Protect yourself against the cold weather
Some invertebrates use their body fluids to protect themselves against the cold. This protection comes in two forms:
- Freeze tolerant invertebrates are those that can survive being frozen solid. Invertebrates survive the freezing by controlling where ice crystals form within their bodies. Although the ice crystals form inside the body of the invertebrate they do not damage the cells and organs of the animal. When the weather gets warmer the crystals melt and the invertebrate becomes active again.
- Freeze intolerant invertebrates are those that use special "anti-freeze" chemicals to stop themselves freezing.

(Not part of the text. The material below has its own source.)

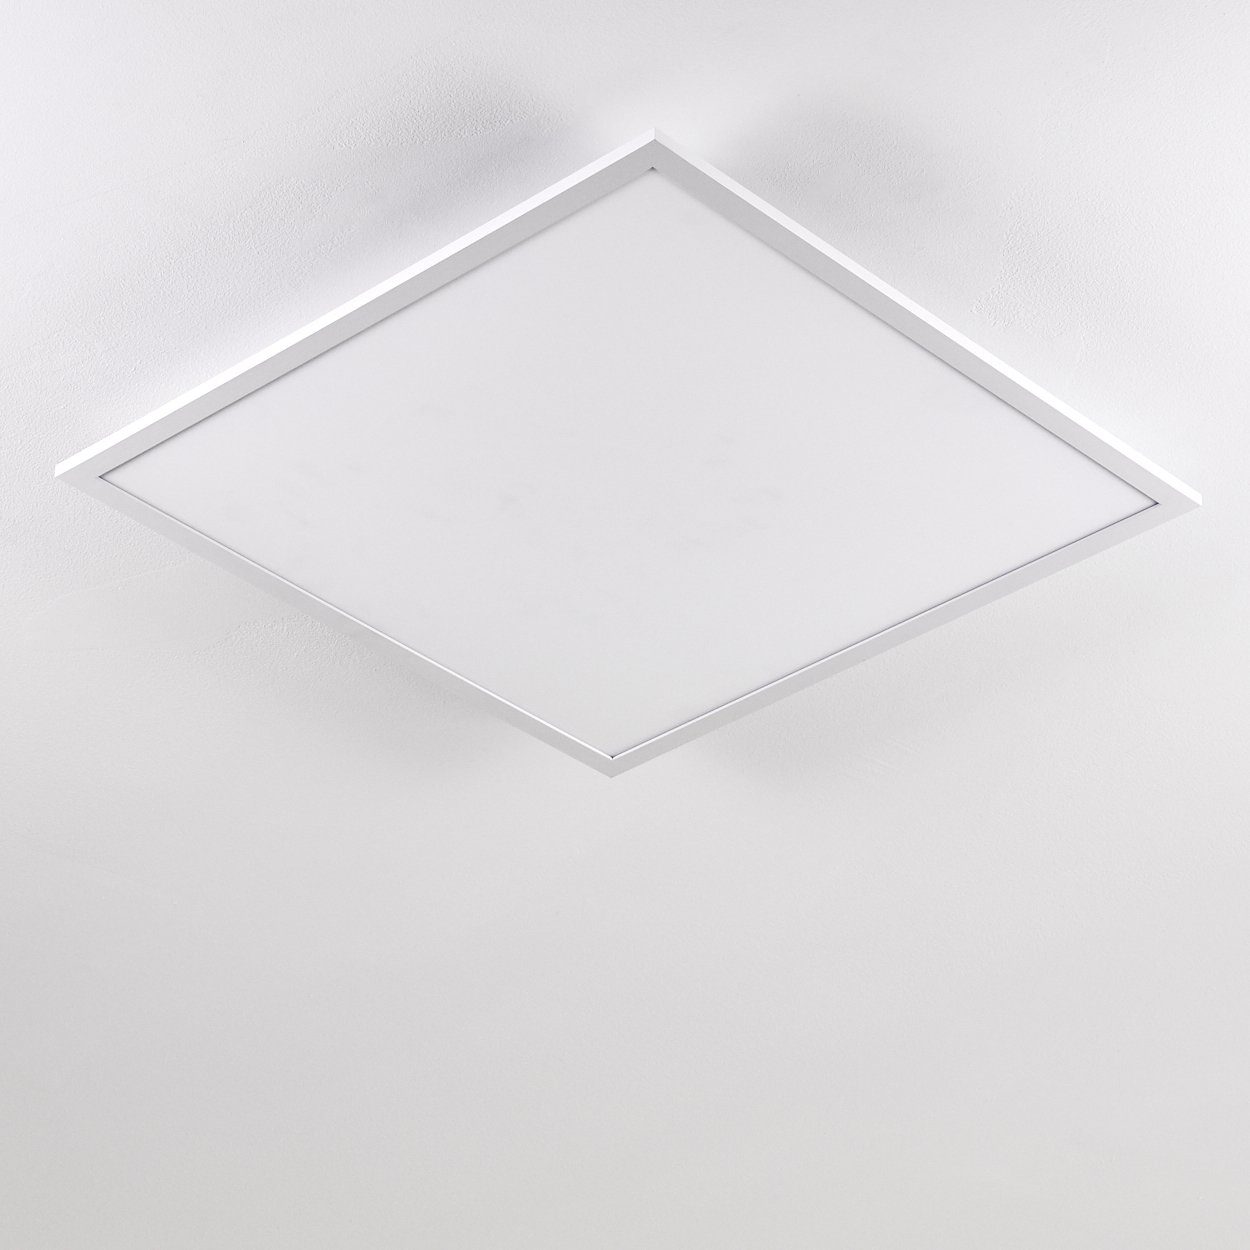 Panel modernes Lumen, 3000 Design 4800 aus Watt, Weiß, Kelvin, 40 in LED Deckenlampe Panel flachem eckige »Vacil« hofstein Aluminiumin Deckenpanel

These chemicals are called polyhydroxy alcohols and they work with other components of the invertebrate's body fluids (thermal hysteresis proteins) to prevent ice forming inside the insect.
Freeze intolerance is usually a strategy used by invertebrates found in cool to mildly cold climes. Freeze tolerance is used in really cold areas.
The "anti-freeze" chemicals are found in both freeze tolerant and freeze intolerant invertebrates. The freeze tolerant insects use these chemicals to prevent ice crystals forming inside their cells whilst the haemolymph around them freezes. Freeze intolerant insects use the chemicals to try and prevent freezing altogether. However, if the temperature drops too low then they can't stop ice crystals forming inside their cells and this can kill both freeze tolerant and freeze intolerant invertebrates.
By stopping ice from forming an invertebrate can become "supercooled". Supercooling is when a liquid is cooled to a temperature below its freezing point and it does not freeze.
Freeze intolerant insects, those that rely on super cooling themselves without freezing, will freeze solid and die if the temperature drops below their supercooling point. In comparison, freeze tolerant insects still freeze solid but can survive this freezing. The supercooling point is the temperature below which an animal is unable to stop itself freezing despite the chemicals in its body.
A good example of an insect that is both freeze tolerant and has a low supercooling point is the beetle Pytho deplaratus. It can supercool (remain unfrozen) to temperatures as cold as -54°C. If the temperature drops further it can still survive for a while because it is freeze tolerant and ice forms around its cells not within them.
Two more tricks invertebrates use are to reduce the amount of water in their body and also empty their gut of food. Emptying your gut of food works both to reduce your overall water content and to remove a possible source of ice crystal formation.
The strategies used by insects and other invertebrates to survive winter are many and varied. Fortunately the strategies work and, when the weather gets warmer, the insects return in great numbers.